Friday, March 09, 2007

The FSF's Open Letter to Steve Jobs...

Recently I posted an article responding to Steve Jobs' "Thoughts on Music", calling Jobs insincere in his stated desire to eliminate DRM software in iTunes - which strips away consumer rights over the music they legally purchase.

Now the Free Software Foundation has set up an Open Letter to Steve Jobs. It states, "it has been three weeks now since you published your pledge to drop DRM, and there have been many responses from commentators who have outlined actions you could take to back up your words. The fact that you have not taken any action leads us to ask the question: How genuine is your pledge?"

As I suggested in my previous post on the subject, it seems evident that Jobs called for the elimination of DRM, not because it's the right thing to do, but rather as a negotiating tactic to leverage against the new deal Apple must make with the recording industry. The Free Software Foundation is trying to hold Jobs accountable for his statements (or put another way, is attempting to find out if his statement was an outright lie), and should be supported in their endeavor. Again, DRM software makes it so that when you buy a song on iTunes, you can never play it on any device other than an iPod, essentially locking you in for life, even if down the road you'd rather get a Zune, Dell, or other Mp3 player.

The Free Software Foundation does suggest two worthy things that Jobs can do TODAY to show the world he is sincere in his desire to eliminate DRM. First would be to drop DRM on iTunes for independent artists. As their letter states, "many independent artists and labels distribute their music through iTunes and many wish to do so without DRM, but you won't let them.

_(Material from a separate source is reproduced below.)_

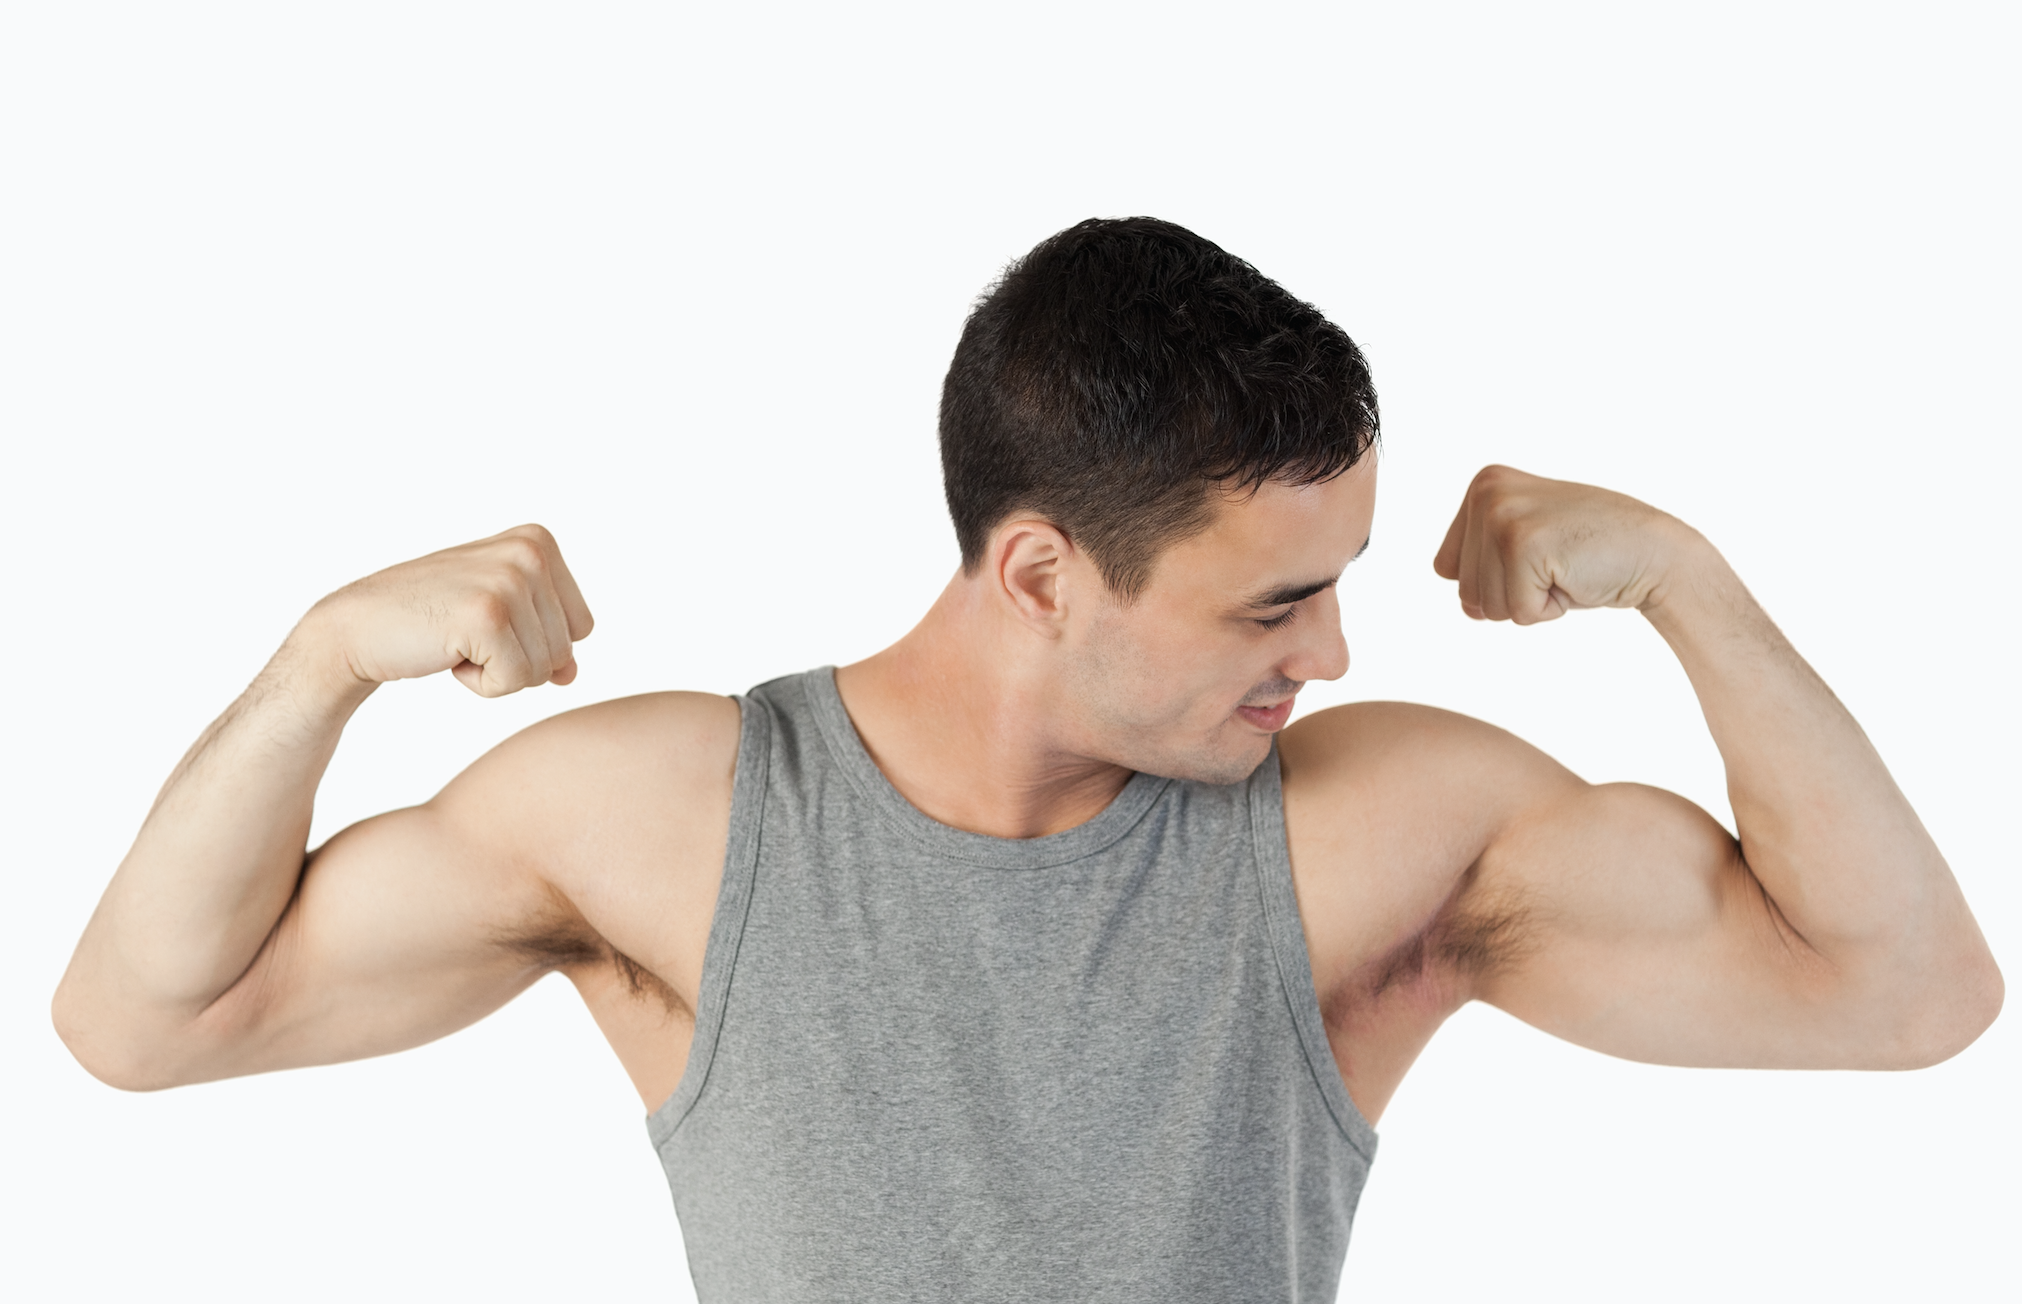 Ejercicios para hacer biceps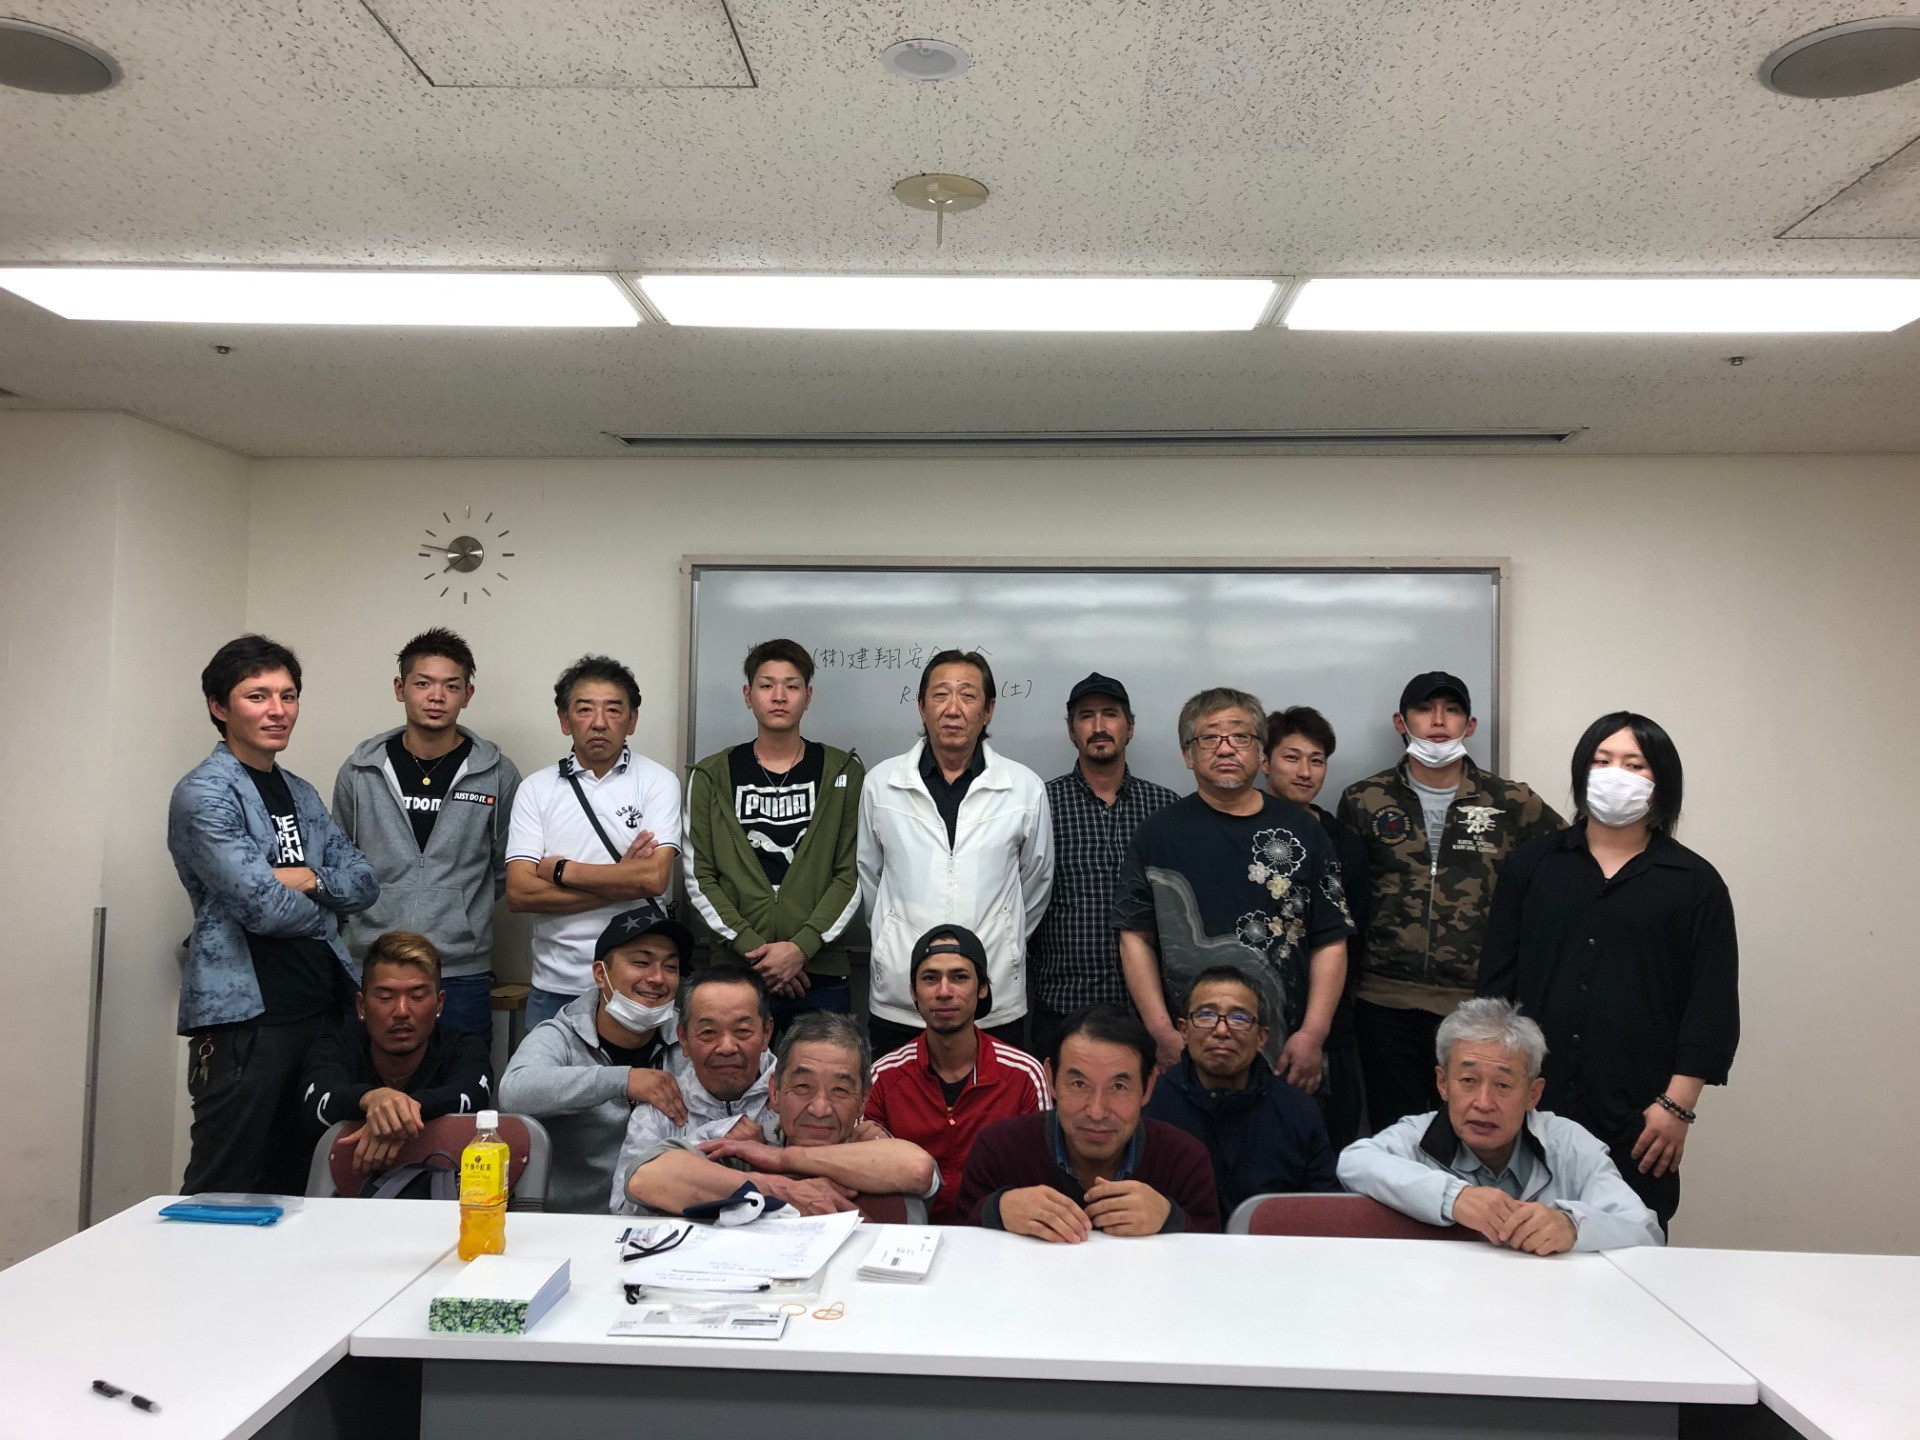 江戸川区で評判の工事業者・株式会社建翔で働く社員の紹介を行っております

You could show good faith immediately by dropping DRM for those artists and labels."

Second, Jobs should take a public stand against legislation mandating DRM by funding a campaign to repeal the Digital Millenium Copyright Act's (DMCA) prohibitions. "The impact of DRM and the DMCA will have chilling effects on our freedom of speech. In a world where our radio shows, TV shows, news, and political coverage, come laden with DRM---because digital TV, digital radio and webstreaming have been mandated to use DRM---we will have lost the legal right to make commentary using source materials. Free speech through parody and quotation will have disappeared."

The ball is in Steve Jobs' court. He is in the unique position to back up his words through action. If he does not truly want to eliminate DRM, then he should at least be honest and say so to the public. Enough deceit.